**WHAT NEEDS TO BE DONE**:
Reproduce the records word for word, from the first line to the line containing "Nano speedy /".

**DATASET RECORDS**:

%%

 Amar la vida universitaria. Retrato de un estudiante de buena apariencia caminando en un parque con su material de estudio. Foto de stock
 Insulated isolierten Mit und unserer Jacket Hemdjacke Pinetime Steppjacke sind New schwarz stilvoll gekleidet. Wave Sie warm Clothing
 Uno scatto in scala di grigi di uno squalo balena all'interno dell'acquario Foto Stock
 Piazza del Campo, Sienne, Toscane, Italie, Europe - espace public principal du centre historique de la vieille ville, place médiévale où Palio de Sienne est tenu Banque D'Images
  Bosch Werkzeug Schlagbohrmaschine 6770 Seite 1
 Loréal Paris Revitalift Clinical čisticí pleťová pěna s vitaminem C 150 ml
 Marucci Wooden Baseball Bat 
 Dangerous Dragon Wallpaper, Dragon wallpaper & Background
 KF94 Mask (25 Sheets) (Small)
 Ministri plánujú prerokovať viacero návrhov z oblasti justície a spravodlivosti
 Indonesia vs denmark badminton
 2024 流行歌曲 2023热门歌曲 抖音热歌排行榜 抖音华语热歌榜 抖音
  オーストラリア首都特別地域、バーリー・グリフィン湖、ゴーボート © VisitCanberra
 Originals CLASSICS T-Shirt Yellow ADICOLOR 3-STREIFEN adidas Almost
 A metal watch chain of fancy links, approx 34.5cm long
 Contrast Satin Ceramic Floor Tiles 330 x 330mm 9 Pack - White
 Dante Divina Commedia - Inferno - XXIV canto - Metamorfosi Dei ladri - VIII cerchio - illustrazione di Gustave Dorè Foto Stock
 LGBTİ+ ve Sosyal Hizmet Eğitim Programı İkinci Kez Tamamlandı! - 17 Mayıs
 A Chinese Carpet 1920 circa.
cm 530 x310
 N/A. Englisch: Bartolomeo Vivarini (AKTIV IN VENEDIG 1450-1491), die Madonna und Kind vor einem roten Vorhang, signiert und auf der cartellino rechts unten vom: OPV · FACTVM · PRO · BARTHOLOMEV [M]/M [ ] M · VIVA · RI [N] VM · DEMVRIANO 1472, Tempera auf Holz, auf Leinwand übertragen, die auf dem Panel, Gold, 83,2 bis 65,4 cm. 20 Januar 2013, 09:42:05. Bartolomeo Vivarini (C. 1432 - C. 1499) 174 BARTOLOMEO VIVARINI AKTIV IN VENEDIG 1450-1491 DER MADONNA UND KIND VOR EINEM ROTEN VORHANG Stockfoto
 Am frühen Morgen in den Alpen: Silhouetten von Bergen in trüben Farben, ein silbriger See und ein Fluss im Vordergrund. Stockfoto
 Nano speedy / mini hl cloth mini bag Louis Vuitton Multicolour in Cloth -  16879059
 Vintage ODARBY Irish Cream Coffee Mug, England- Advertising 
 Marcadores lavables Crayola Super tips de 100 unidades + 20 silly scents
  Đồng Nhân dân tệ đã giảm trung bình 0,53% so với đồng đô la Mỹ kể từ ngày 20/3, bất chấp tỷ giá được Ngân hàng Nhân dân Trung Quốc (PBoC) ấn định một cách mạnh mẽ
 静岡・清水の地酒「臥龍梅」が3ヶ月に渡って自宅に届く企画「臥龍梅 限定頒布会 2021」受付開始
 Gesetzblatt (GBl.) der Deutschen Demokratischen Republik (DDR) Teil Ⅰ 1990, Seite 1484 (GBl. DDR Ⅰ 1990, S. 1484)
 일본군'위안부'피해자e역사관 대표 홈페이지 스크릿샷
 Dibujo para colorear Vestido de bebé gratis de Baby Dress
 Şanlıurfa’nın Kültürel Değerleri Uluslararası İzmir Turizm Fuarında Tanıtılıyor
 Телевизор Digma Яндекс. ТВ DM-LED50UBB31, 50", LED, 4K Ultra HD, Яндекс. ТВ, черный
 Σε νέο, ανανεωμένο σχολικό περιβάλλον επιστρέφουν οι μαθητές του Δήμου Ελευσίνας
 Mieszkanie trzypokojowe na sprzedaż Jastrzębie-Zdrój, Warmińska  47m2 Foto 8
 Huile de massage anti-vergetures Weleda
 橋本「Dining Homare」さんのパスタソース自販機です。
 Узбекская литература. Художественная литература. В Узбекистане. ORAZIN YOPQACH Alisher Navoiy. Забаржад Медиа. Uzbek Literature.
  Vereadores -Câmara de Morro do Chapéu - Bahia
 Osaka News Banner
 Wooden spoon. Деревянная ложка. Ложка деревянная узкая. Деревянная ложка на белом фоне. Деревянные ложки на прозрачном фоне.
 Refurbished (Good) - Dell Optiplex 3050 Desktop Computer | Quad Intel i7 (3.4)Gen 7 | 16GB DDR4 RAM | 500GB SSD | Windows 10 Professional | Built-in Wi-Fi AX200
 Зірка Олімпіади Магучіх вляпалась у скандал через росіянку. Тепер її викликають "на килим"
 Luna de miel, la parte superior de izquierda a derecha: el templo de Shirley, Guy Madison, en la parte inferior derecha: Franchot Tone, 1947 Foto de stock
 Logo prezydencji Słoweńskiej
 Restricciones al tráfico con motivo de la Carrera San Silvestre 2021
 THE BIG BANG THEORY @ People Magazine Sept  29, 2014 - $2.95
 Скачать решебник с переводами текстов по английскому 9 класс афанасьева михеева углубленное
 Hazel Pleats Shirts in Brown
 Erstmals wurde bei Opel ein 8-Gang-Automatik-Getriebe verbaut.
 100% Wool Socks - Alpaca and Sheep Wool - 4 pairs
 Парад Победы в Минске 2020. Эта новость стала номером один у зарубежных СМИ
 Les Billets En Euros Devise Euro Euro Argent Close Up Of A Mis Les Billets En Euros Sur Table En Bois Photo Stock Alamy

%%

**REPLY**:
 Amar la vida universitaria. Retrato de un estudiante de buena apariencia caminando en un parque con su material de estudio. Foto de stock
 Insulated isolierten Mit und unserer Jacket Hemdjacke Pinetime Steppjacke sind New schwarz stilvoll gekleidet. Wave Sie warm Clothing
 Uno scatto in scala di grigi di uno squalo balena all'interno dell'acquario Foto Stock
 Piazza del Campo, Sienne, Toscane, Italie, Europe - espace public principal du centre historique de la vieille ville, place médiévale où Palio de Sienne est tenu Banque D'Images
  Bosch Werkzeug Schlagbohrmaschine 6770 Seite 1
 Loréal Paris Revitalift Clinical čisticí pleťová pěna s vitaminem C 150 ml
 Marucci Wooden Baseball Bat 
 Dangerous Dragon Wallpaper, Dragon wallpaper & Background
 KF94 Mask (25 Sheets) (Small)
 Ministri plánujú prerokovať viacero návrhov z oblasti justície a spravodlivosti
 Indonesia vs denmark badminton
 2024 流行歌曲 2023热门歌曲 抖音热歌排行榜 抖音华语热歌榜 抖音
  オーストラリア首都特別地域、バーリー・グリフィン湖、ゴーボート © VisitCanberra
 Originals CLASSICS T-Shirt Yellow ADICOLOR 3-STREIFEN adidas Almost
 A metal watch chain of fancy links, approx 34.5cm long
 Contrast Satin Ceramic Floor Tiles 330 x 330mm 9 Pack - White
 Dante Divina Commedia - Inferno - XXIV canto - Metamorfosi Dei ladri - VIII cerchio - illustrazione di Gustave Dorè Foto Stock
 LGBTİ+ ve Sosyal Hizmet Eğitim Programı İkinci Kez Tamamlandı! - 17 Mayıs
 A Chinese Carpet 1920 circa.
cm 530 x310
 N/A. Englisch: Bartolomeo Vivarini (AKTIV IN VENEDIG 1450-1491), die Madonna und Kind vor einem roten Vorhang, signiert und auf der cartellino rechts unten vom: OPV · FACTVM · PRO · BARTHOLOMEV [M]/M [ ] M · VIVA · RI [N] VM · DEMVRIANO 1472, Tempera auf Holz, auf Leinwand übertragen, die auf dem Panel, Gold, 83,2 bis 65,4 cm. 20 Januar 2013, 09:42:05. Bartolomeo Vivarini (C. 1432 - C. 1499) 174 BARTOLOMEO VIVARINI AKTIV IN VENEDIG 1450-1491 DER MADONNA UND KIND VOR EINEM ROTEN VORHANG Stockfoto
 Am frühen Morgen in den Alpen: Silhouetten von Bergen in trüben Farben, ein silbriger See und ein Fluss im Vordergrund. Stockfoto
 Nano speedy / mini hl cloth mini bag Louis Vuitton Multicolour in Cloth -  16879059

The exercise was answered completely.